Tuesday, April 6, 2010

On Search Engine Optimization: Why canonical URLs matter

With the explosion of the amount of information organizations make accessible over the Internet, searchability and navigability are increasingly prominent on CMS wish lists. How do you structure site navigation when you have a bit more content than the average company?


Gov.nl

Consider the case of the Dutch national government: To provide convenient access to all governmental information citizens may need on a daily basis, it decided to bring information from 16 different ministries into one CMS.

To make centralization effective it needs to be paired with smart navigation. In larger contexts websites typically choose to provide more than one path to the same content. Technically this is achieved by tagging content instead of dropping it into fixed folders. Hippo CMS helps authors create these tags expediently and as of April 2010 citizens of the Netherlands have a number of centralized starting points to a large chunk of central government information (in Dutch):




Canonical URLs
Flexible navigation may be great for users, it is not ideal for search engines. To offer compact results, search engines try to condense the list of URLs gathered from crawling through different paths to the same content piece. With a variety of algorithms a search engine then decides which URL is the leading road to the content.

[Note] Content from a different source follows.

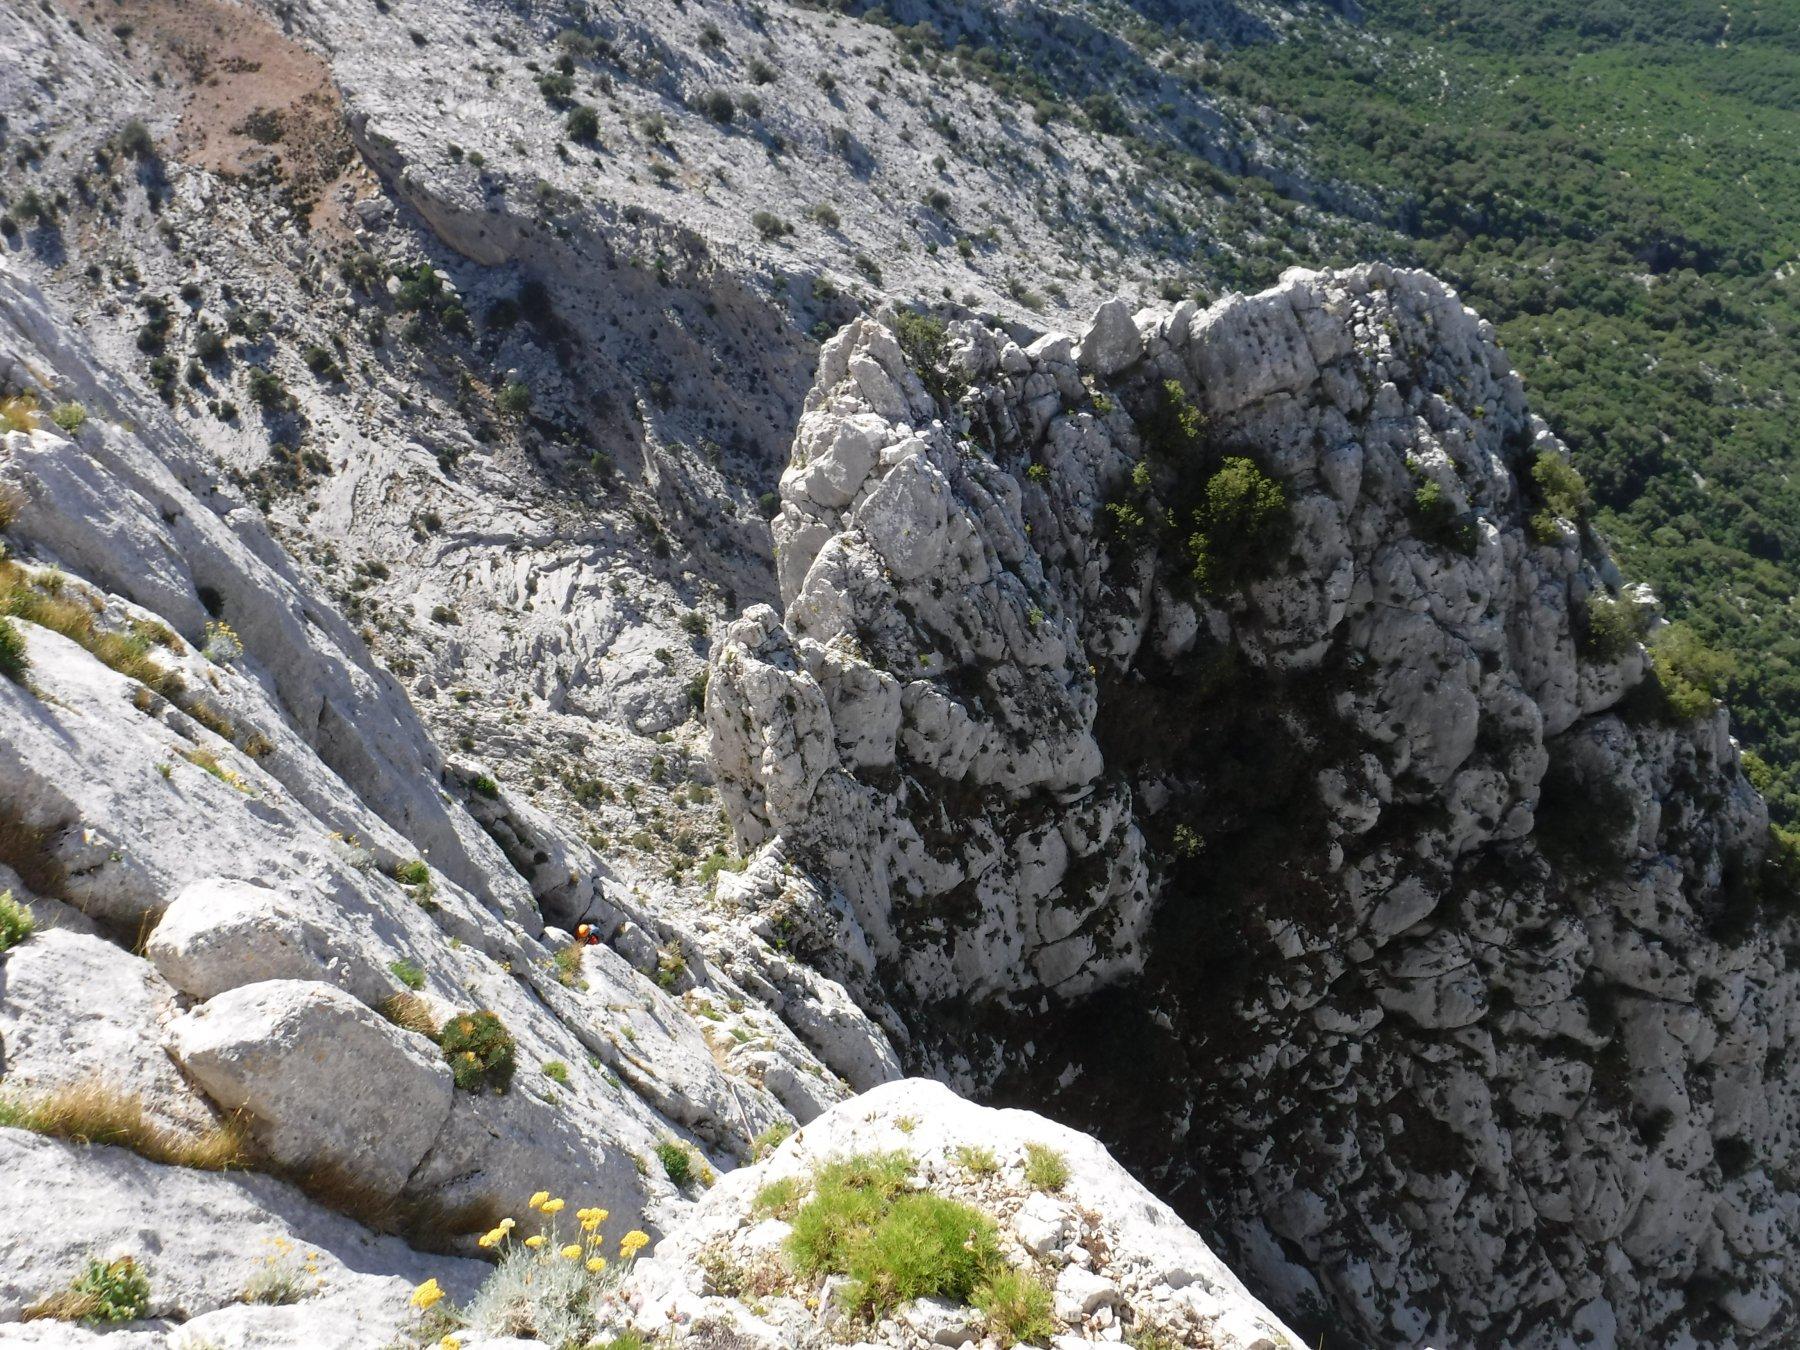 Cusidore (Punta) Via Legione Reale Truppe Leggere 2016-06-21

Leaving this decision to the search engine is a risky choice. Various URLs for the same content compete with each other in the rankings and the site owner loses control over incoming links. For faceted search paths the number of navigation ways to a single piece of content is practically infinite. If not managed carefully, offering faceted paths could even lead to accidental blacklisting as the search engine might conclude you're trying to game its rating algorithm.



This is where canonical URLs come in. Tagging pages with a canonical URL helps a search engine understand that multiple URLs should be be listed only once. Hippo builds canonicalization into its CMS design, making sure that the dominant URL is provided to the search engine for each unique piece of content. This approach provides a combination of multiple flexible navigation paths, optimized search results and consistency for incoming links.


Example
Let's have a more detailed look at the government example. The following are just two sample URLs leading to an article about tougher laws for repeat DUIs:

http://www.rijksoverheid.nl/onderwerpen/alcohol/nieuws/2010/04/01/rijden-onder-invloed-harder-aangepakt.html


In the source of both pages, invisible to the casual browser, a tag tells the search engine where to place this piece of content in its results.

link rel="canonical" href=http://www.rijksoverheid.nl/nieuws/2010/04/01/rijden-onder-invloed-harder-aangepakt.html"
And this is what Google returns when searching for a few of the article's keywords - Mission accomplished!
  1. Rijden onder invloed harder aangepakt | Nieuwsbericht ...

    1 april 2010 ... Rijden onder invloed harder aangepakt ... Ministerraad. Bel 0800-8051 voor vragen aan de Rijksoverheid ... Zoek binnen rijksoverheid.nl ...
    www.rijksoverheid.nl/.../rijden-onder-invloed-harder-aangepakt.html - Cached



For a more in depth description how you can create canonical URLs with Hippo CMS check out our public wiki





Tuesday, January 26, 2010

Why WCM/Portal convergence is a good thing

Stephen Powers' blogpost on convergence between WCM and Portal sparked a nice little controversy about the alleged trade-off between integration and separation of concerns. It ain't necessarily so: If integration is done right, the trade-off does not need to be there at all.

Convergence is a two way street. From the WCM perspective we like to think of Portals as a way to offer 'self service', personalization, security and integration with other applications / widgets / iframes and the like. From the Portal perspective we need WCM to provide tools to work with our portal content that does not reside in other applications.

Both are, of course, nothing new. Neither is the fact that vendors (Hippo with Hippo CMS and Apache Jetspeed Portal is the open source example) have been offering integrated portal offerings for a number of years. Given the challenges and costs involved in true integration, it clearly makes sense to offer integrated solutions as to keep such projects manageable. And who can better ensure integration is done right than the vendor itself?

New in Stephen's post is the fact that he, or rather IBM, sees the package of WCM & Portal becoming such a common combination that distinguishing the two markets would no longer be meaningful. This does not mean that WCM and Portals will become an undistinguishable mesh (or mess?) with the risk of losing all we gained from separating content from the presentation layer in the first place.

It does mean, just like before, that buyers should be careful not to select a package that restricts their choice in where and how to manage and publish their content. It also means that buyers should be critical when making decisions about such things as collaboration platforms. Collaboration systems put in place today, may be with us for many years to come. Where does the content reside? Can it be accessed, altered, integrated in other applications? What about the source code? Remember Lotus Notes?

For maximum flexibility and future readiness in purchasing an integrated WCM & Portal, there are four basic questions to ask:
1. Can the WCM system stand on its own? Would you buy it for its WCM functionality?
2. Can the Portal stand on its own? Would you buy it for its Portal functionality?
3. Are the two really integrated? Integrated user management, security, administration, URL mapping, ease of development etc.
4. Is it Open Source (eg, are you free to use and change the software as you wish)?